**Work instructions**
Could you output the listing that follows exactly, without its images?
--- Supplied material Enclosed Below ---
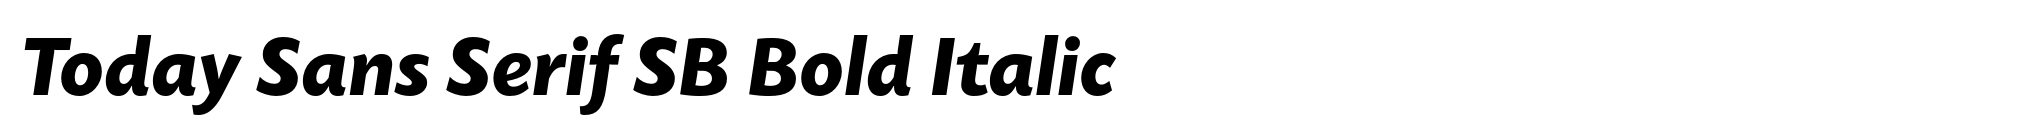 Today Sans Serif SB Bold Italic image
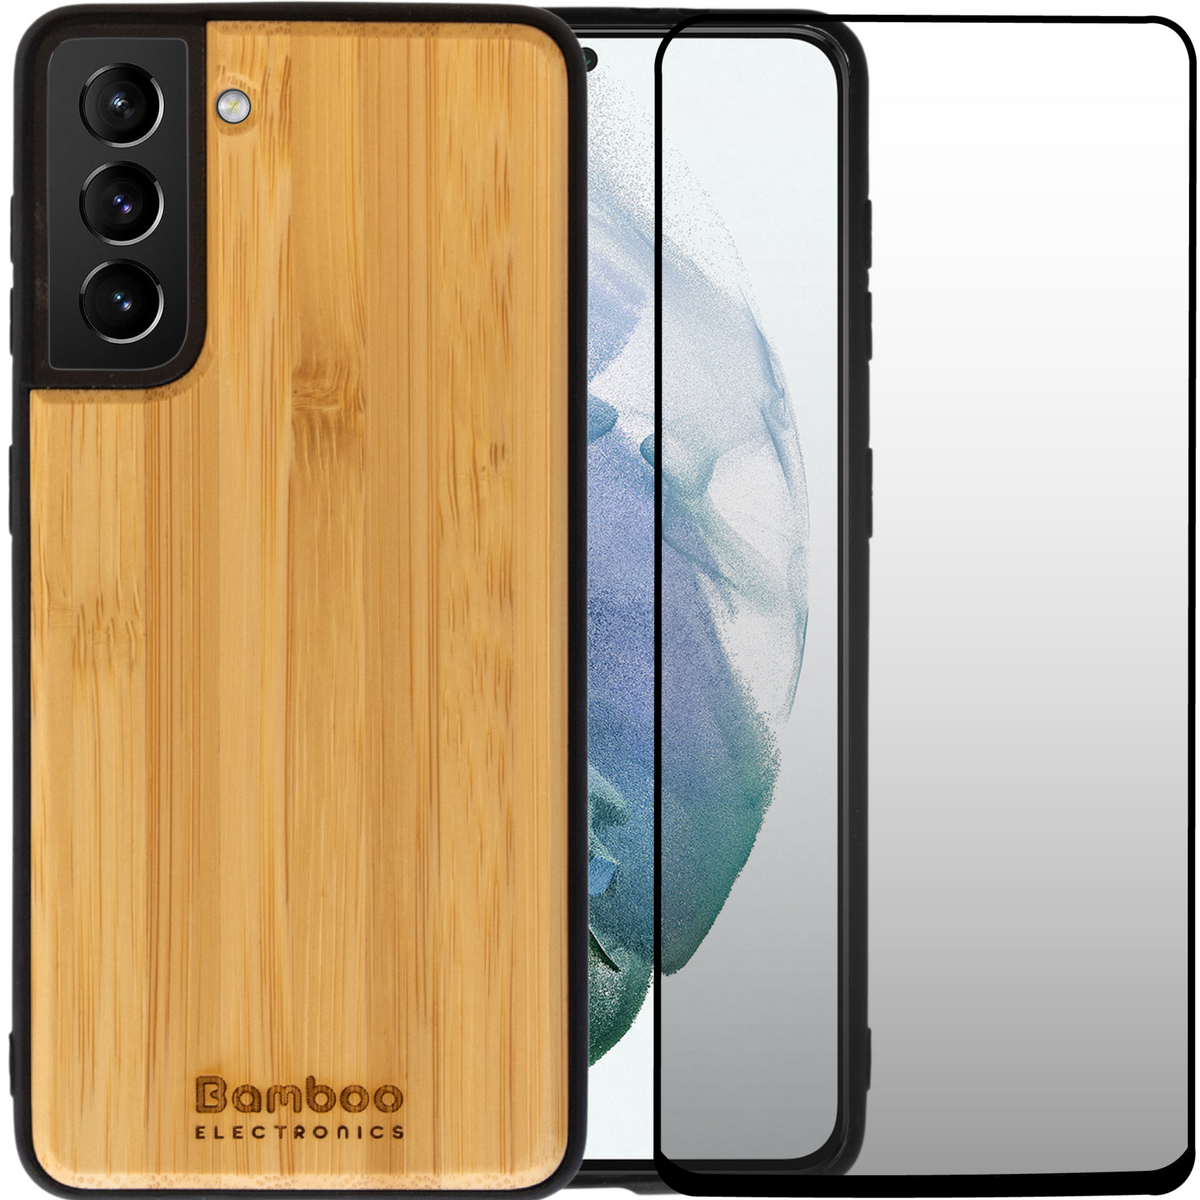 Samsung GS21 Wooden Case + Screen Protector
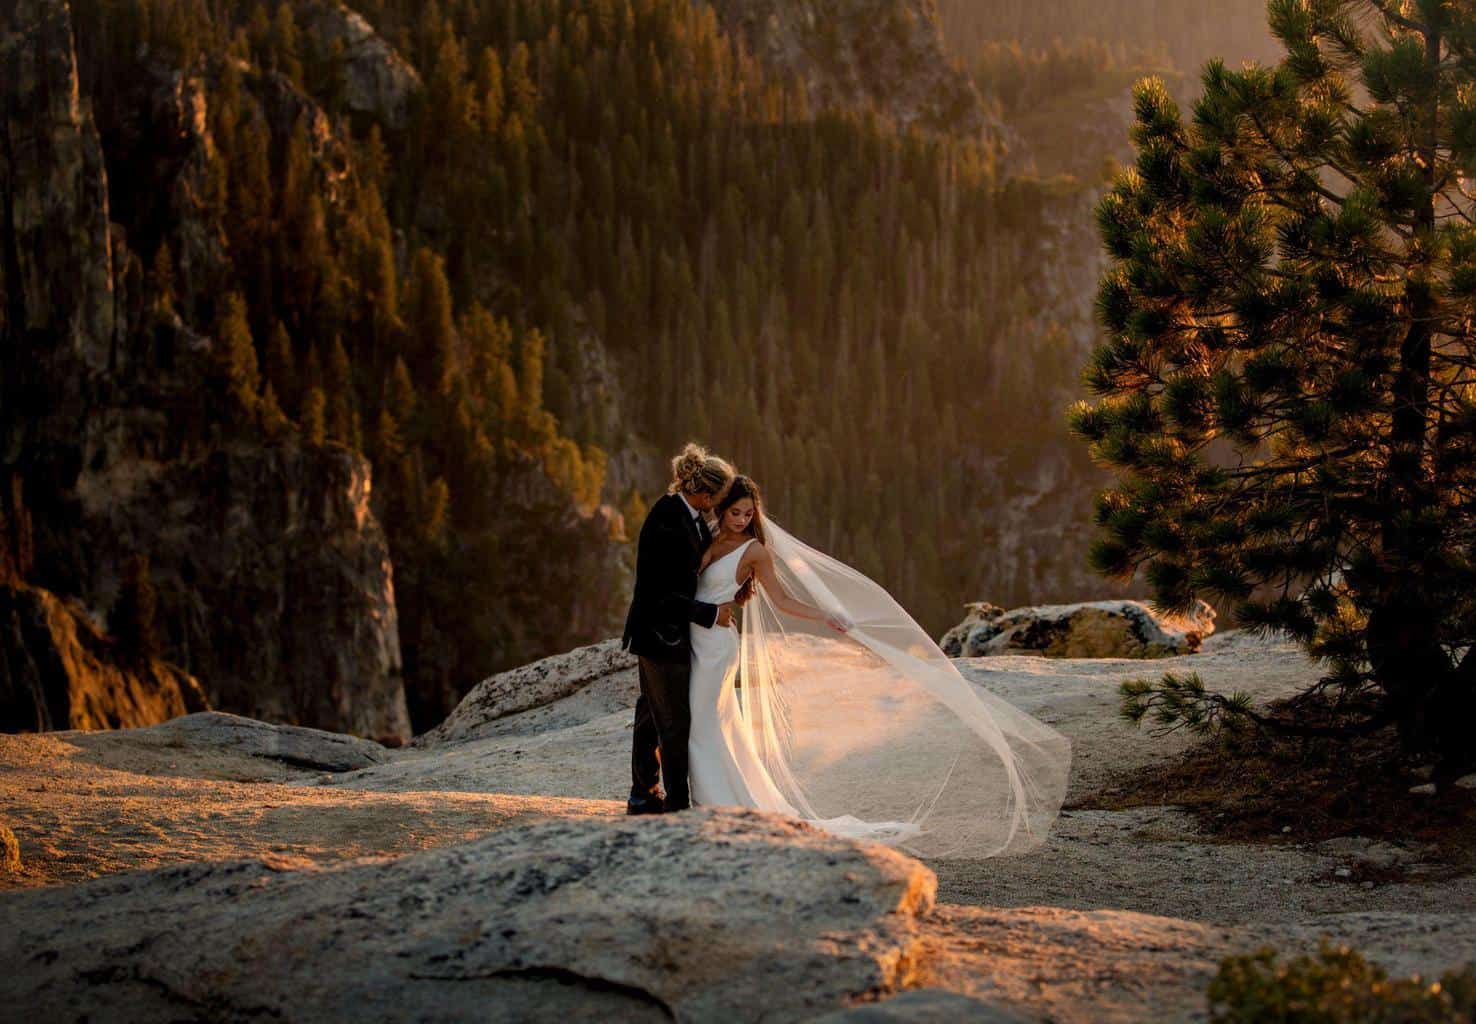 Destination Wedding: Best Locations to Have an Elopement 9
--- End of Enclosed Supplied material ---
**Task response**
 Today Sans Serif SB Bold Italic image
 Samsung GS21 Wooden Case + Screen Protector
 Destination Wedding: Best Locations to Have an Elopement 9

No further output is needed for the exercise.